Archbishop George Carey speaks to the mourners. He praises Diana's involvement with people suffering from AIDS, victims of landmines and completely normal people. He is the only one at this point to also mention Diana's partner Dodi Al-Fayed, the dead driver and the seriously injured bodyguard.
14.00 hrs.: The service is over. The eight guards carry out the coffin. This is followed by a minute's silence. Diana begins her final journey. The soldiers place the coffin in a black hearse. 123 kilometres north of London, in Althorp, she is to be buried in the presence of her family at the Spencer family estate. The limousine drives slowly through London. Overall on the sides of the streets stand people who want to say goodbye to Diana. They throw flowers on the roof, on the bonnet, on the bumper. Sometimes the driver has to turn on the windscreen-wipers in order to be able to see the way ahead. The car joins the motorway. It is flanked by police on motorbikes. On the opposite side of the motorway the cars have stopped. The people get out and wave at Diana one last time. Diana should actually be laid to rest in the Spencer family grave in the village church of St. Mary the Virgin. The 400-soul village Great Brington has just one postoffice, one pub and one village stores. Everyone knows everyone else. In order to prevent the small village becoming a place of pilgrimage the Spencer family chose a small wooded island on the estate lake to be Diana's final resting place. The giant 240 hectare estate Althorp is protected by a two metre high russet stone wall. In this way Diana's sons William and Harry have the opportunity to visit their mother's grave.

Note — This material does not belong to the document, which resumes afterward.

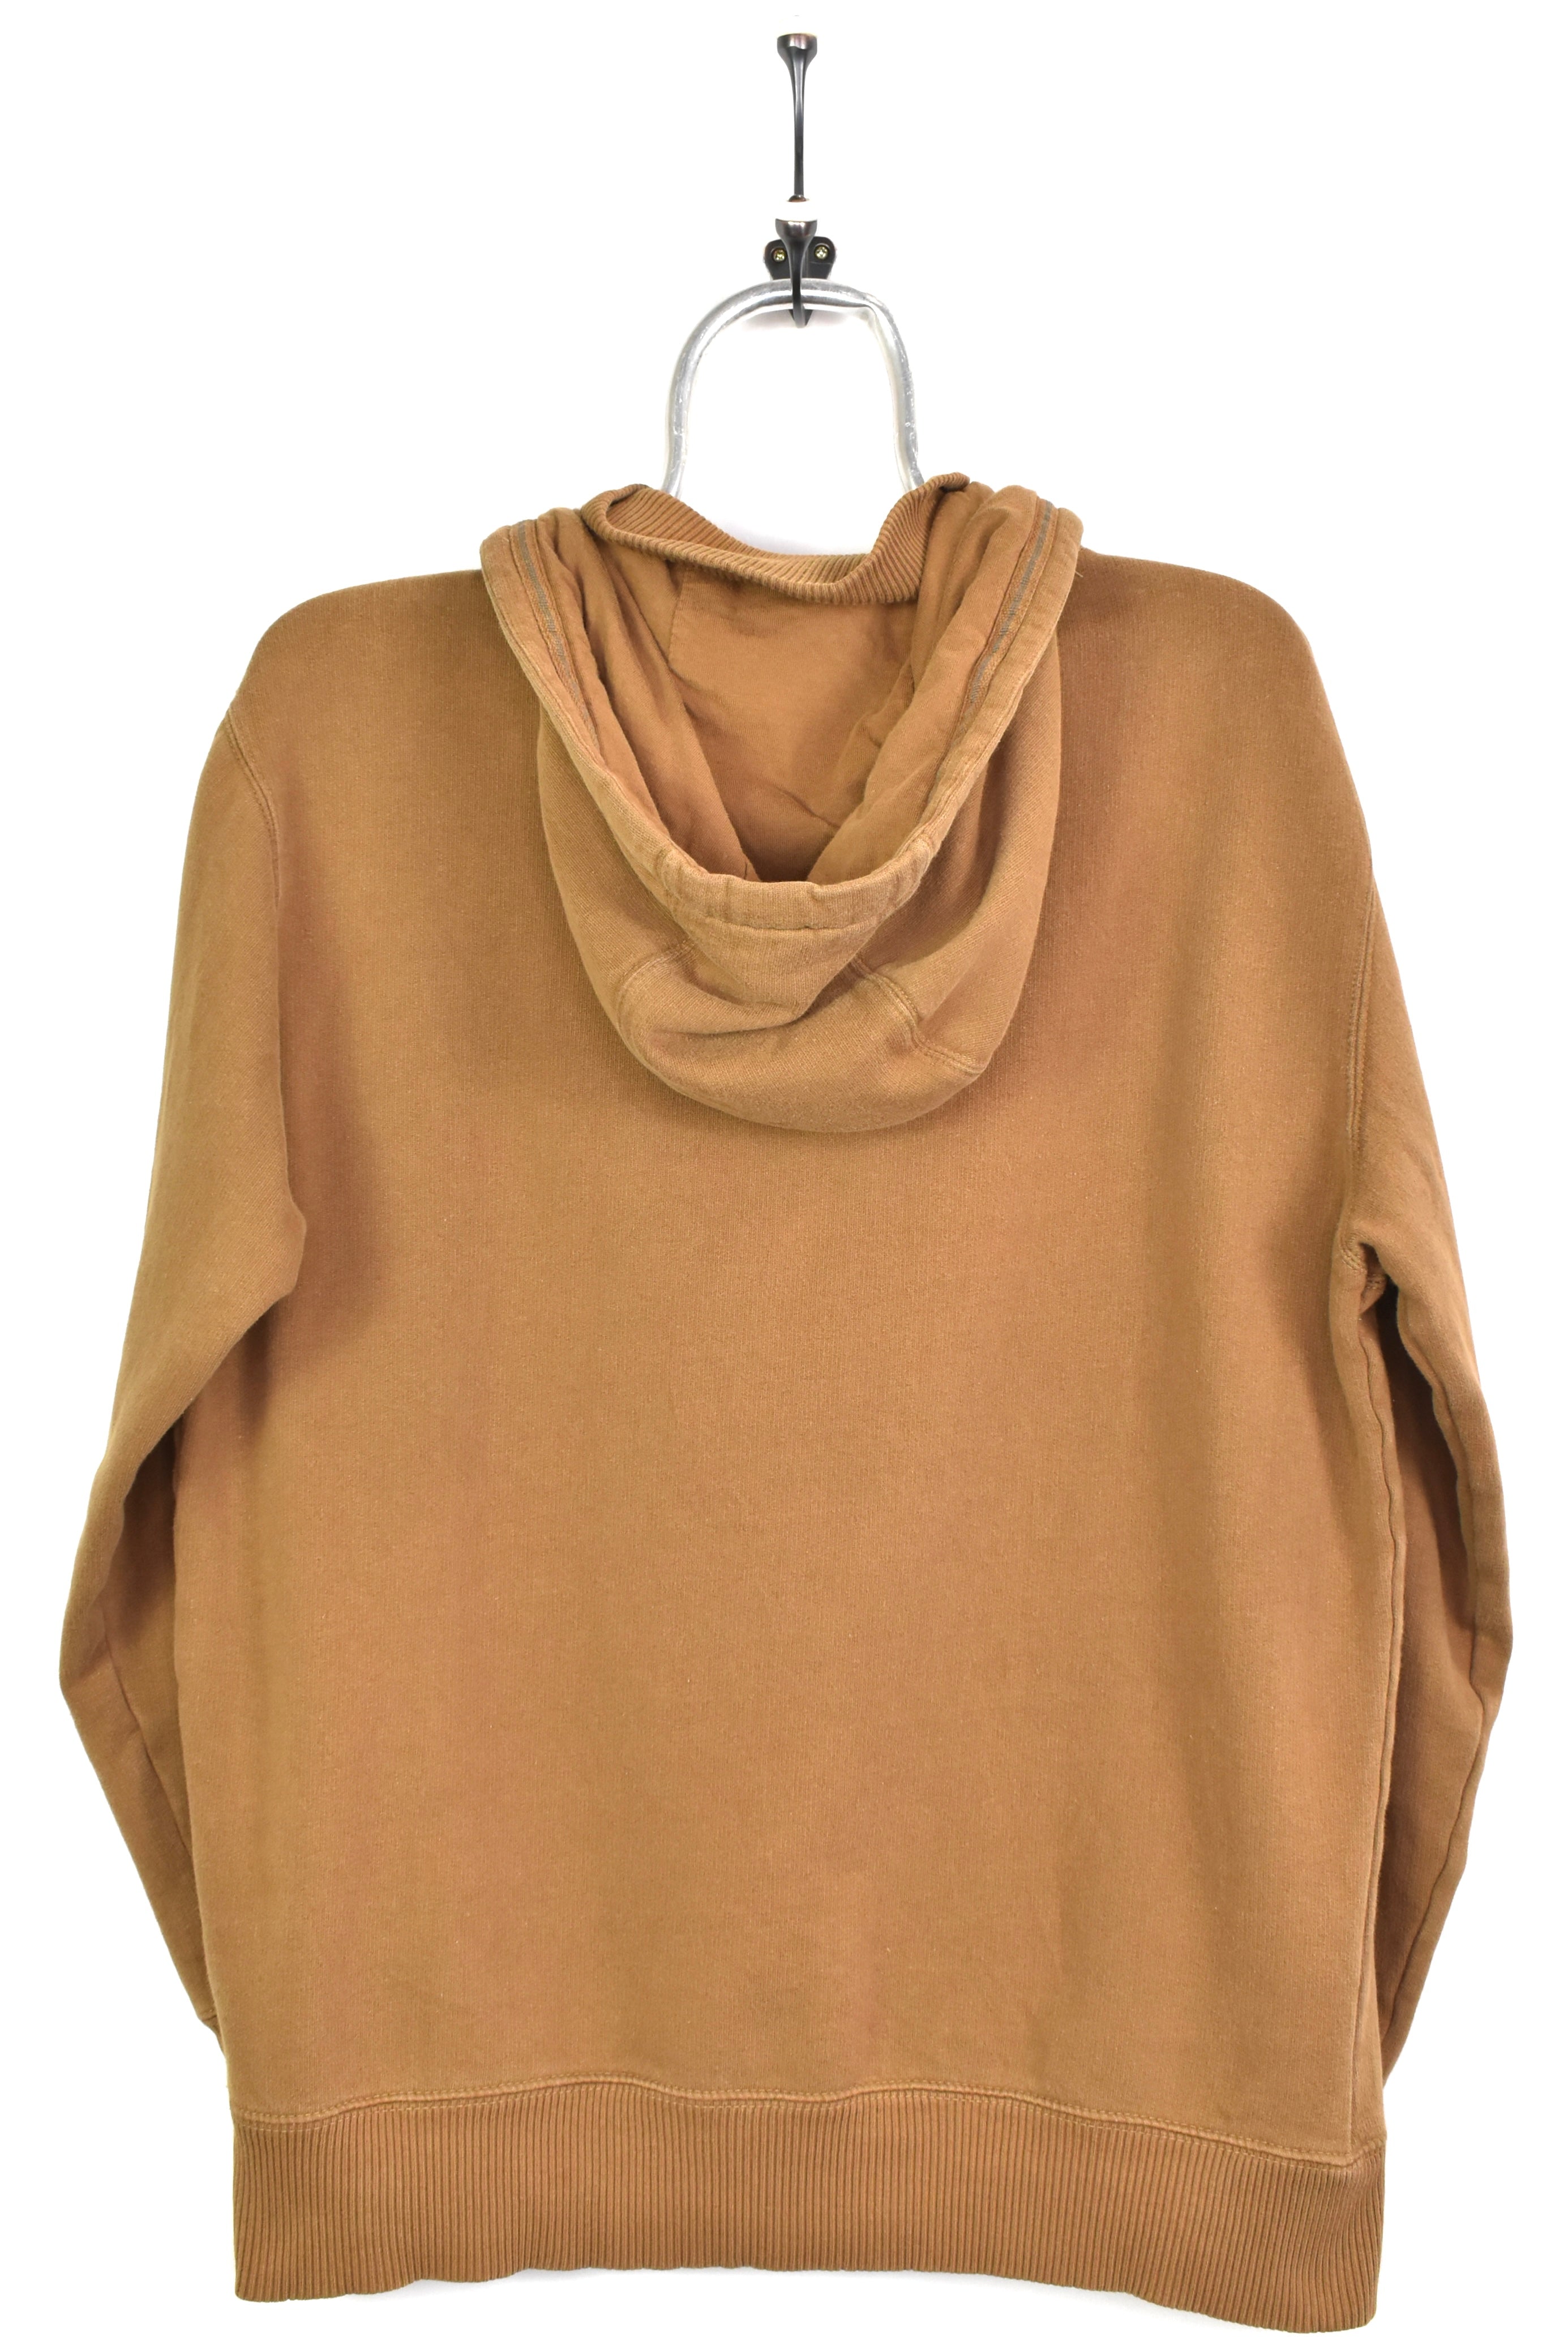 Vintage Gap hoodie, long sleeve brown 1/4 zip sweatshirt - AU M GAP

Diana has returned home. The large wrought-iron gate of Althorp House closes behind her for a final time.
Diana is buried in complete silence. Only Prince Charles, the two sons, Diana's siblings, her mother, Diana's best friend and a clergyman are present. A few weeks beforehand Diana had ordered a black long-sleeve wrap-around dress from her clothes designer Catherine Walker. She wears it on this memorable day for the first time and for eternity. In her hands a rosary, which Diana had once received as a gift from Mother Theresa.